Re-use Food Waste the SUV Way

Food waste has reached epidemic proportions across the nation. Dumpsters located outside of every supermarket, restaurant, farmer’s market or any other place that sells food is filled with usable food. Sustainable Urban Village (SUV) has a proven plan that will educate the population on ways to reduce (prevent) and re-use (recover, recycle) food waste.

What is food waste? It’s food that could have been eaten but wasn’t for various reasons.
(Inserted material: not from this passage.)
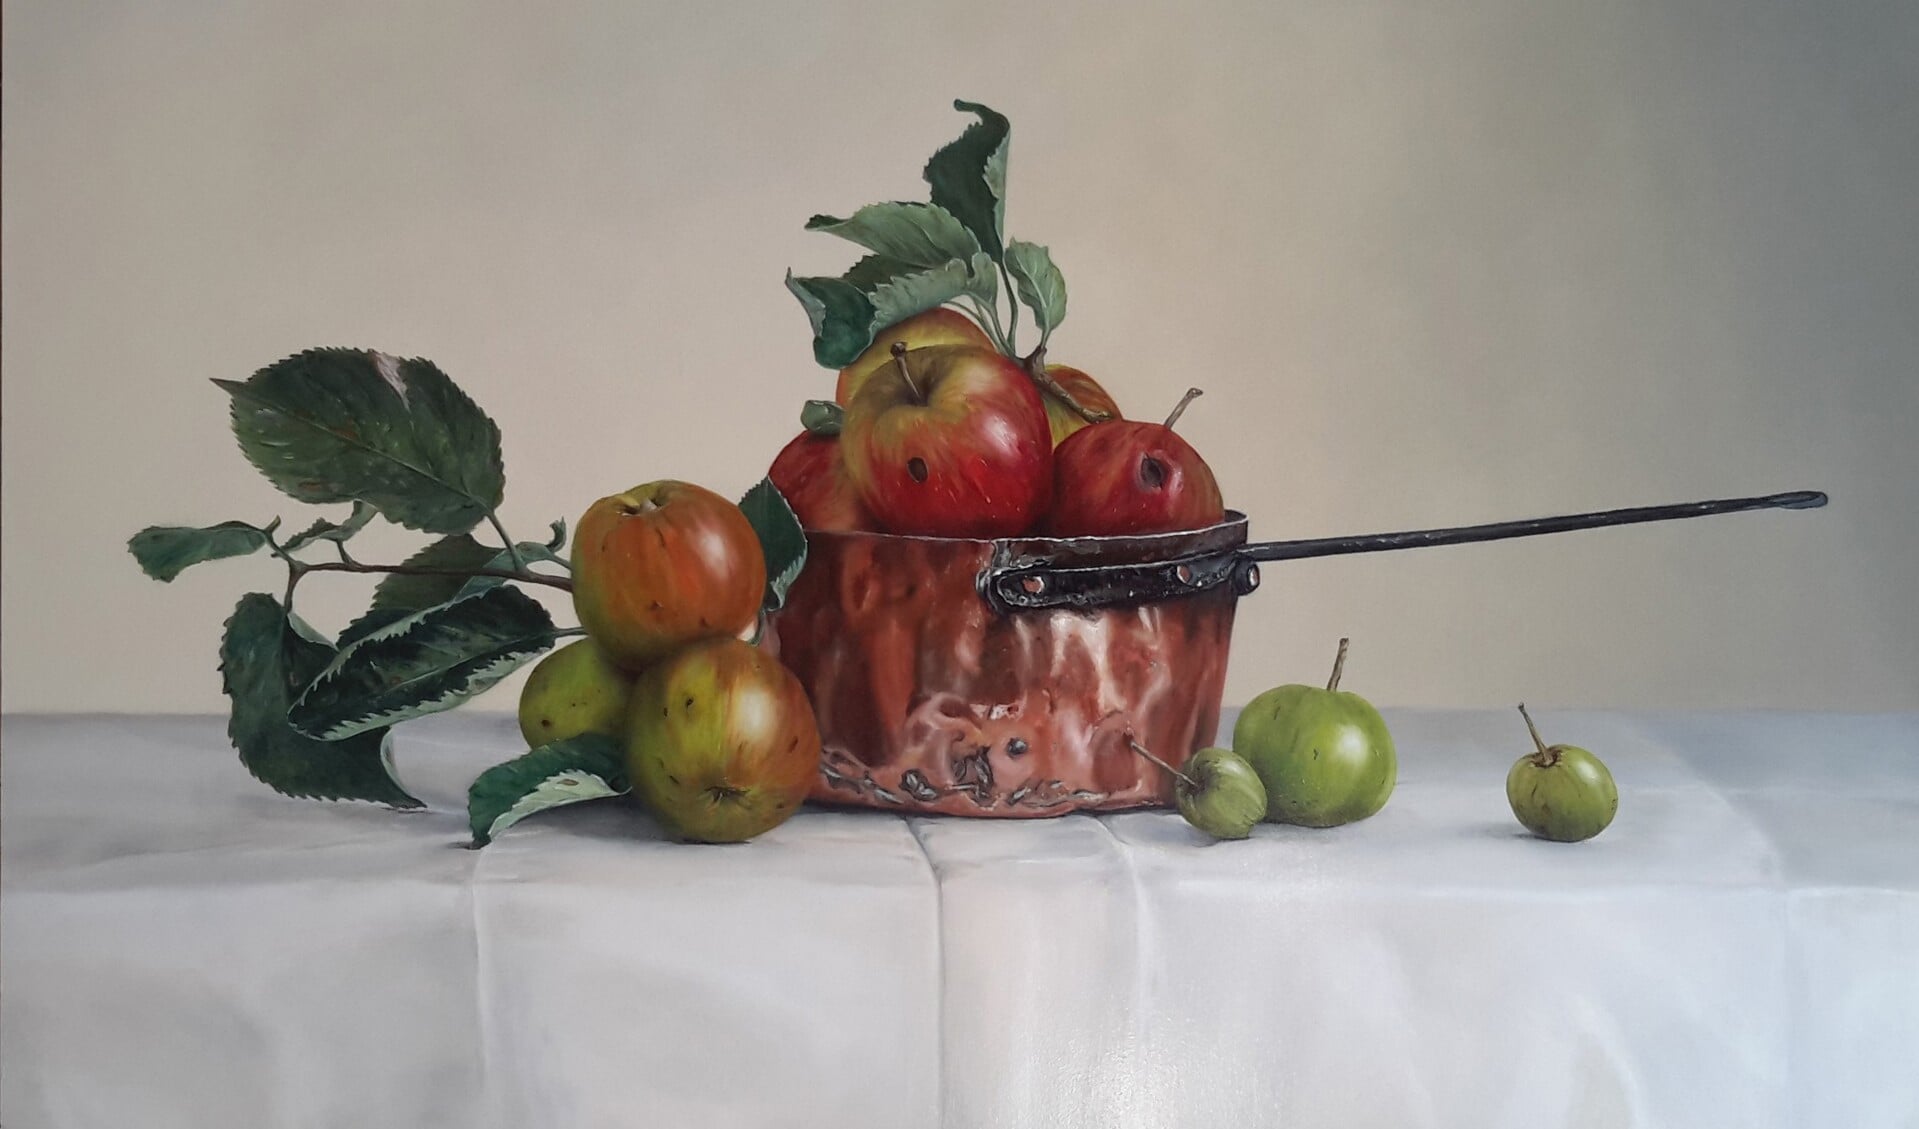 'Appels in koperen pan' van Pieter van Bernebeek.

Produce that is not ‘pretty’ becomes food waste because no one wants to buy a “Wonky” apple or an oddly shaped tomato. Leftover food from restaurants becomes food waste and excess produce from farms are thrown as there are no buyers for them. Households produce food waste because we buy more fresh food than we can consume before it goes bad.

Making people aware of the food waste problem is a step towards correcting the problem. SUV has an Awareness Center that will help people understand the food waste problem and learn ways to prevent it. Self-Awareness, Community Awareness, and Corporate Awareness are all a part of the program to educate people on all levels of things they can do to prevent food waste from occurring.  

Reducing the amount of food, we purchase is one step everyone can take towards preventing food waste. Instead of purchasing 4 bananas and tossing out 1 at the end of the week because it became over-ripe, just buy 3 bananas.
Using the same banana example, when you notice 1 of the bananas is becoming over-ripe, put it in the freezer for future use in a smoothie or banana bread. That’s called ‘re-purposing’ food and it will reduce food waste.

A compost center included in the SUV will convert the manure from the animals on the farm as well as waste from yards, gardens and food using a converter, so it can decompose and be used to improve soil fertility. The compost will enable the soil to produce more food, so the sustainable cycle can continue for everyone living in the Sustainable Urban Village.

SUV has an animal farm included in its plan to reduce food waste. Both good and bad food will be collected from those living in the neighborhood and used to feed the farm animals. What was once wasted food will become food with a purpose and feed livestock. Animals, like chickens, goats, and cows, will be fed with this nutrient-rich food waste and in turn, will provide fresh food like milk for those living in the Sustainable Urban Village.